> Entries shown:
▽

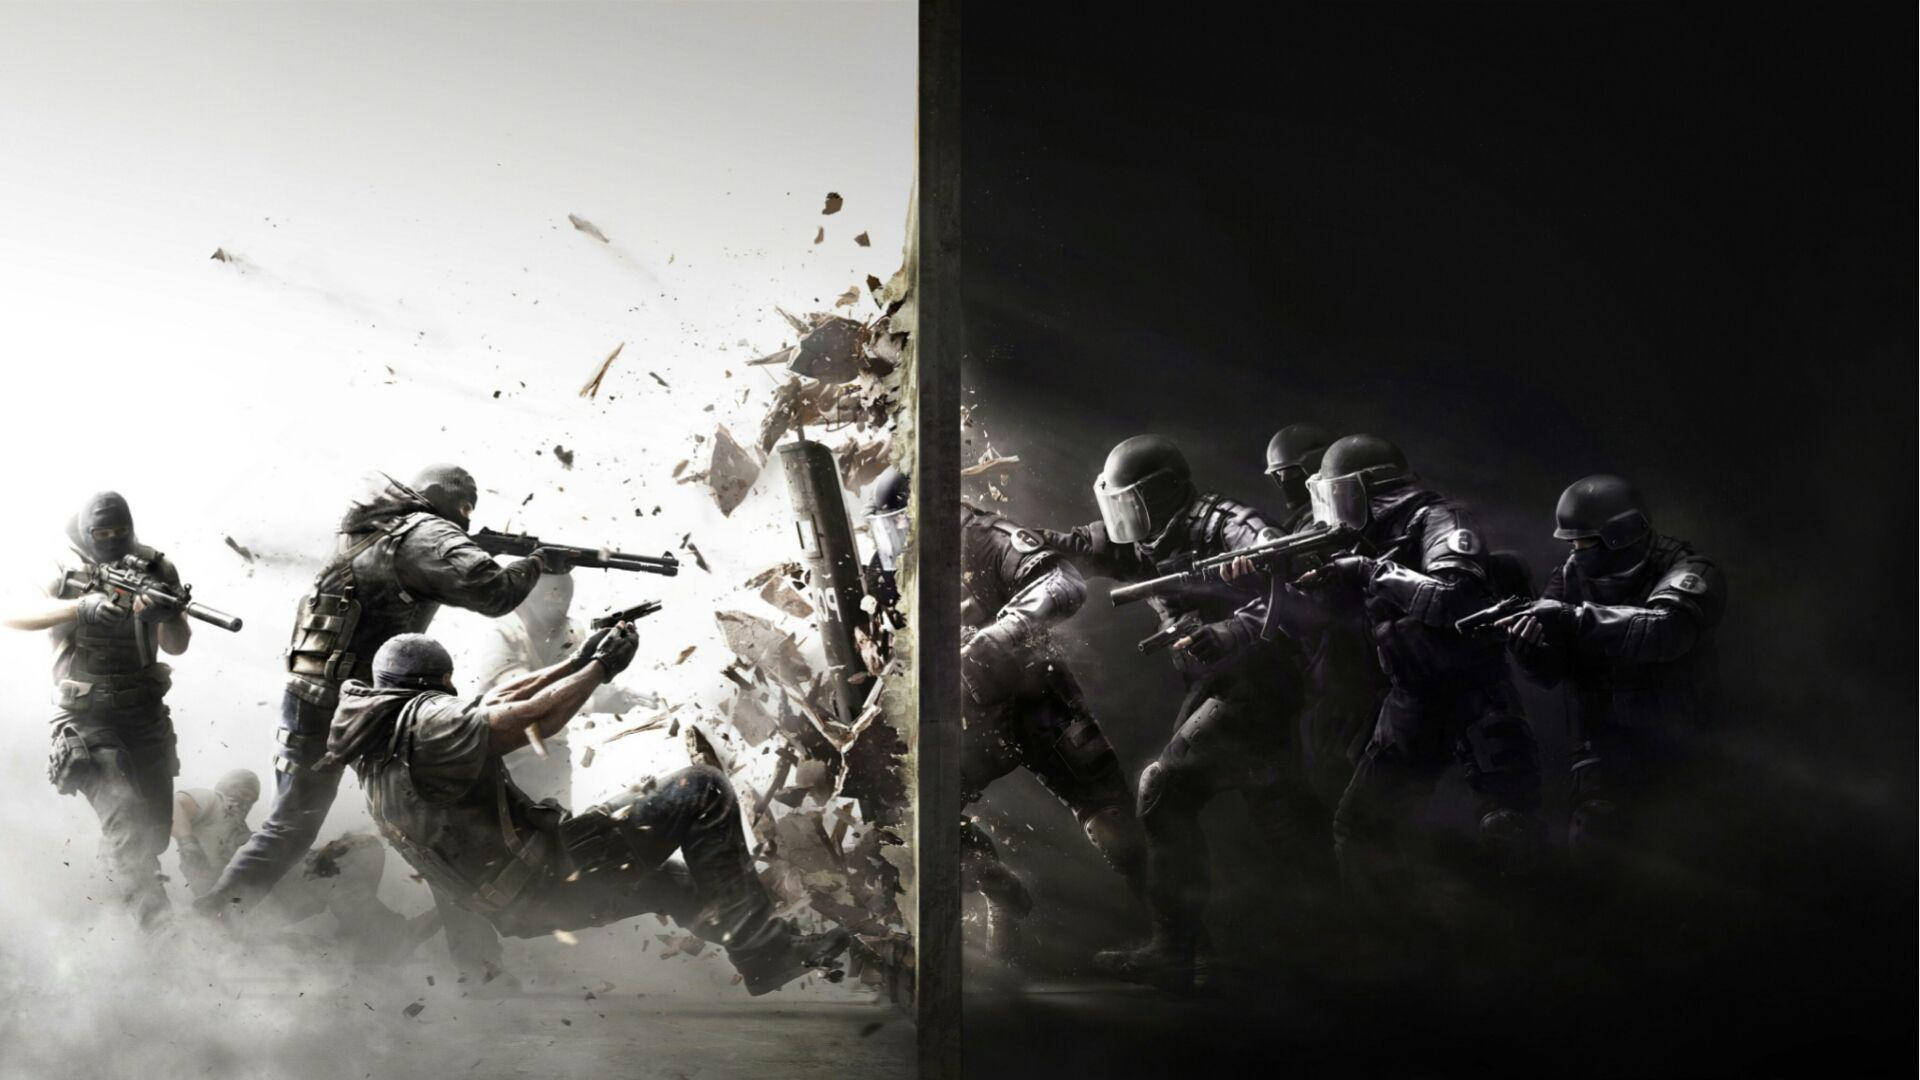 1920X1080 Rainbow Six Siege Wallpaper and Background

△
▽

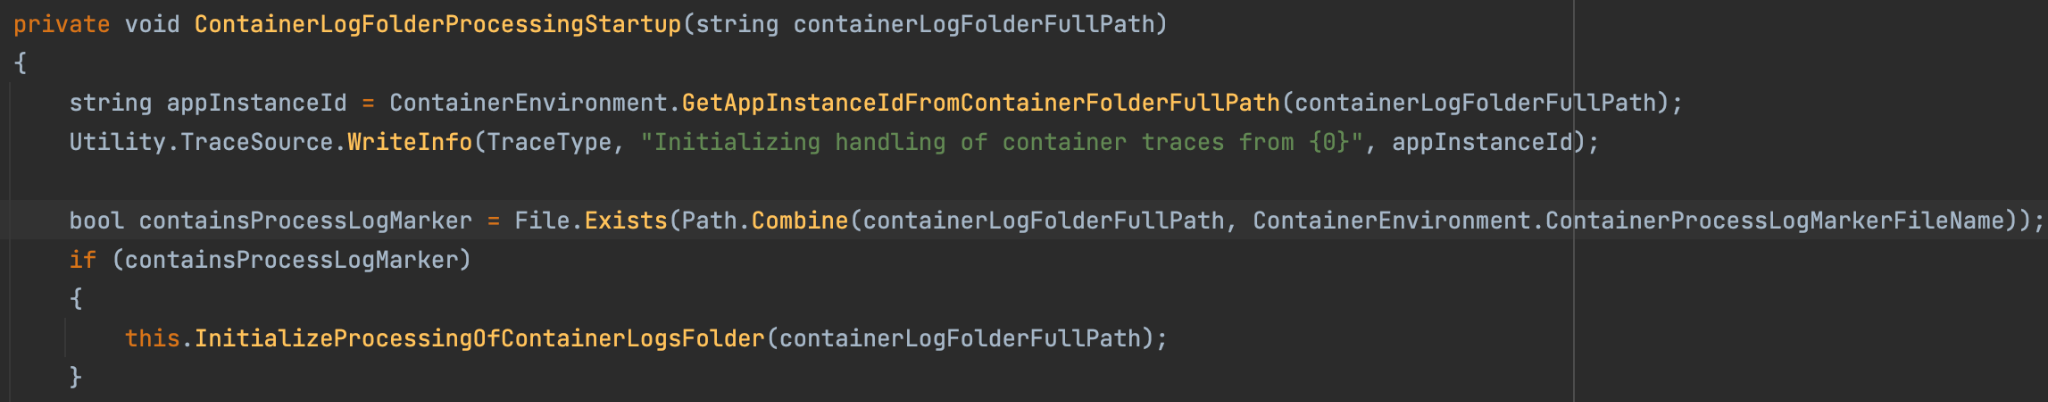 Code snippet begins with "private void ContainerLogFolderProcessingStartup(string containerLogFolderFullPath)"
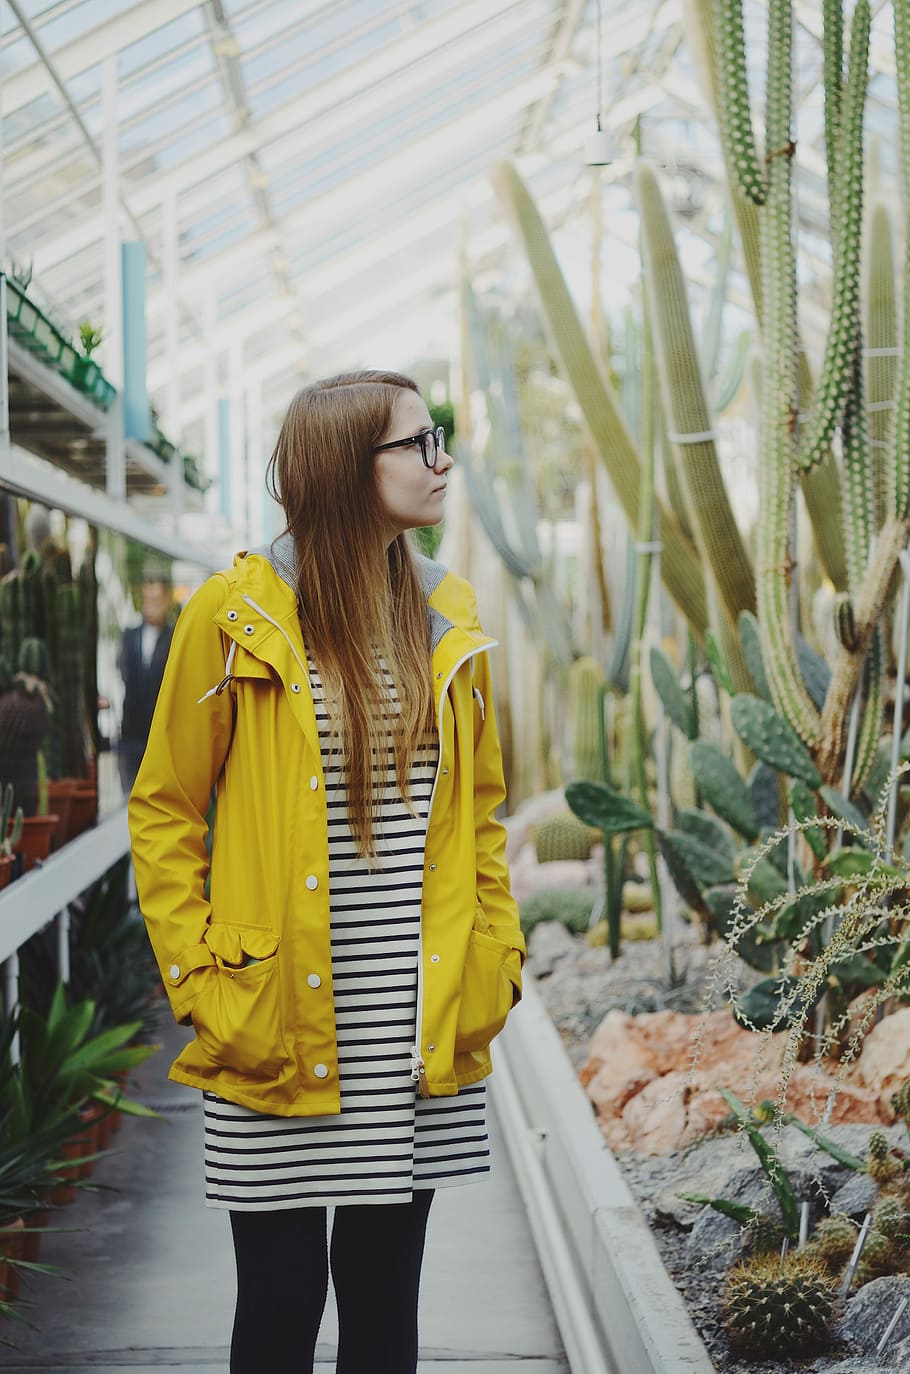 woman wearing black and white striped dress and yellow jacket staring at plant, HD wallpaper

△

> Your objective:
The answer is those lines of the material above that run from the one containing "Code snippet begins" up to and including the one containing "woman wearing black", restated exactly and without images.

> The completed task:
 Code snippet begins with "private void ContainerLogFolderProcessingStartup(string containerLogFolderFullPath)"
 woman wearing black and white striped dress and yellow jacket staring at plant, HD wallpaper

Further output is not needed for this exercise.